Indexes support the efficient execution of queries in MongoDB. Without indexes, MongoDB must perform a collection scan, i.e. scan every document in a collection, to select those documents that match the query statement. If an appropriate index exists for a query, MongoDB can use the index to limit the number of documents it must inspect.
Indexes are special data structures that store a small portion of the
collection’s data set in an easy to traverse form. The index stores
the value of a specific field or set of fields, ordered by the value
of the field. The ordering of the index entries supports efficient
equality matches and range-based query operations. In addition,
MongoDB can return sorted results by using the ordering in the index.
I have a sample database with a collection called pets. Pets have the following structure.
{
"_id": ObjectId(123abc123abc)
"name": "My pet's name"
}
I created an index on the name field using the following code.
db.pets.createIndex({"name":1})
What I expect is that the documents in the collection, pets, will be indexed in ascending order based on the name field during queries. The result of this index can potentially reduce the overall query time, especially if a query is strategically structured with available indices in mind. Under that assumption, the following query should return all pets sorted by name in ascending order, but it doesn't.
db.pets.find({},{"_id":0})
Instead, it returns the pets in the order that they were inserted. My conclusion is that I lack a fundamental understanding of how indices work. Can someone please help me to understand?
Yes, it is misunderstanding about how indexes work.
Indexes don't change the output of a query but the way query is processed by the database engine. So db.pets.find({},{"_id":0}) will always return the documents in natural order irrespective of whether there is an index or not.
Indexes will be used only when you make use of them in your query.

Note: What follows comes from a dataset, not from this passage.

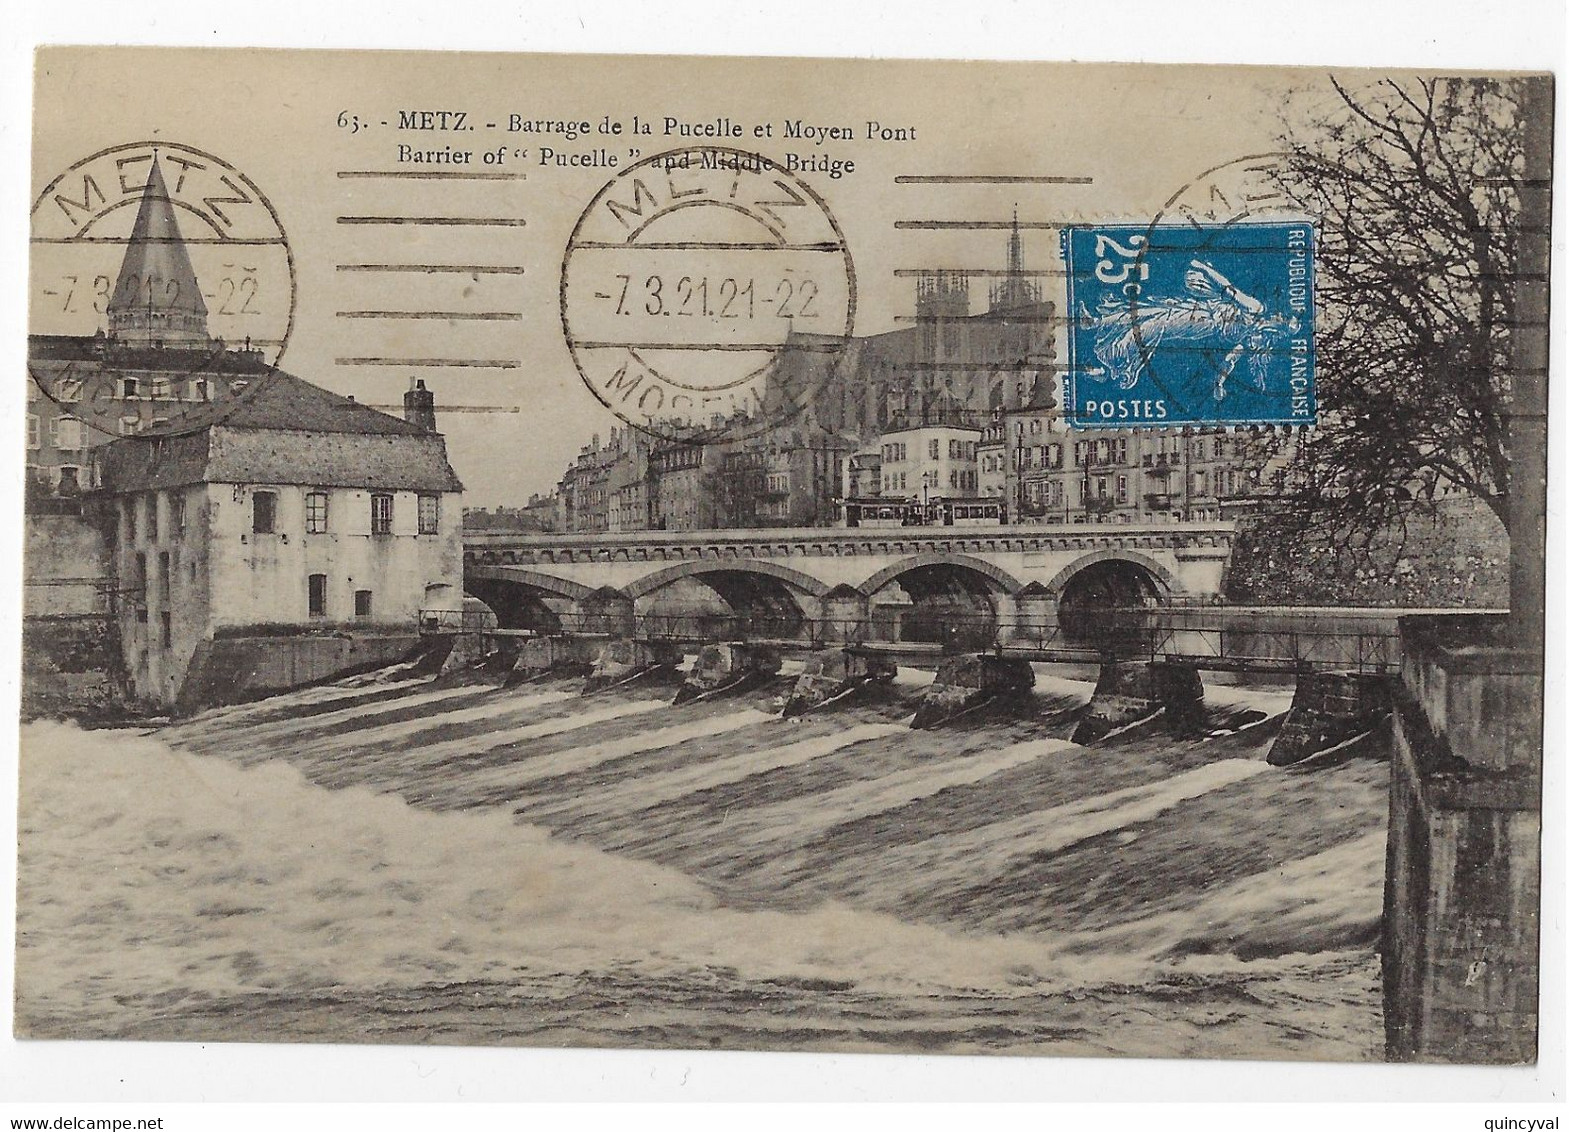 METZ Moselle Carte Postale 25c Semeuse Yv 140 Ob 7 3 1921 Krag Francisée MET111 - Mechanical Postmarks (Other)
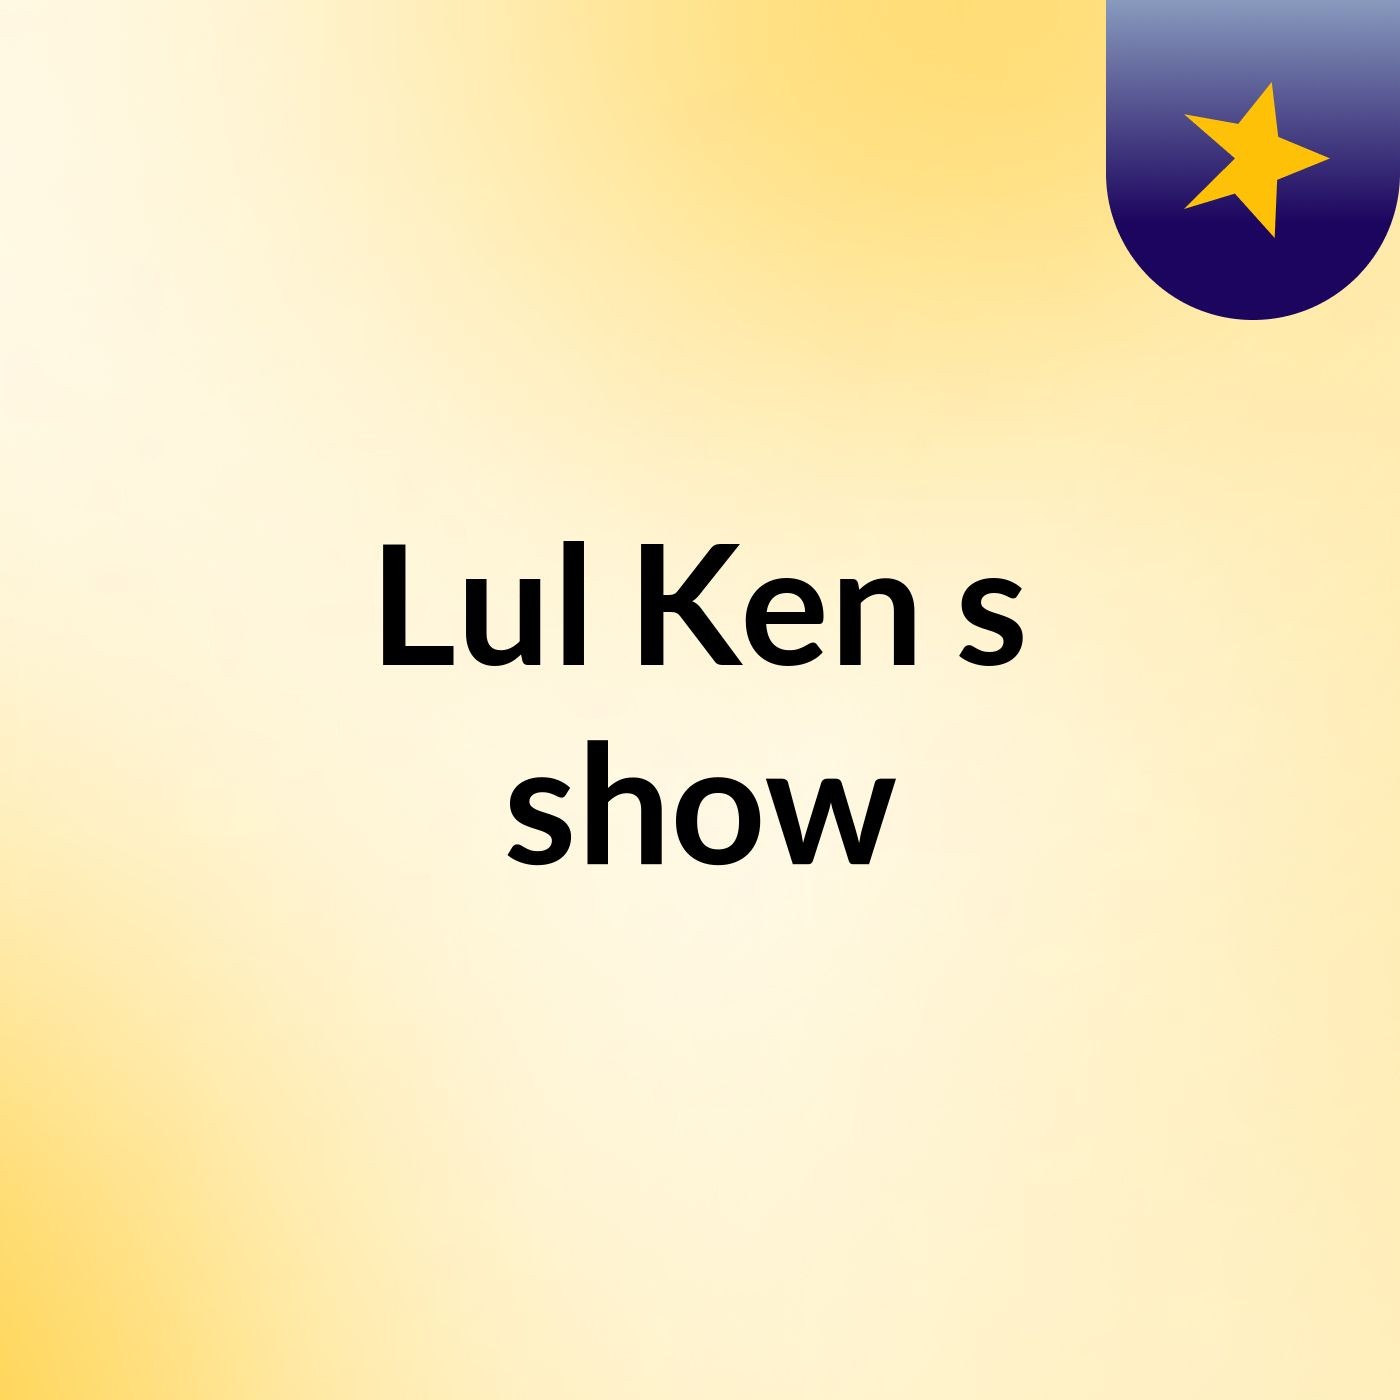 Lul Ken's show

Thus,
db.pets.find({name : "My pet's name"},{"_id":0}) and db.pets.find({}, {_id : 0}).sort({name : 1}) will use the {name : 1} index.
You should run explain on your queries to check if indexes are being used or not.
You may want to refer the documentation on how indexes work.
https://docs.mongodb.com/manual/indexes/
https://docs.mongodb.com/manual/tutorial/sort-results-with-indexes/

how to structure a compound index in mongodb

I need some advice in creating and ordering indexes in mongo.
I have a post collection with 5 properties:
Posts
status
start date
end date
lowerCaseTitle
sortOrder
Almost all the posts will have the same status of 1 and only a handful will have a rejected status. All my queries will filter on status, start and end dates, and sort on sortOrder. I also will have one query that does a regex search on the title.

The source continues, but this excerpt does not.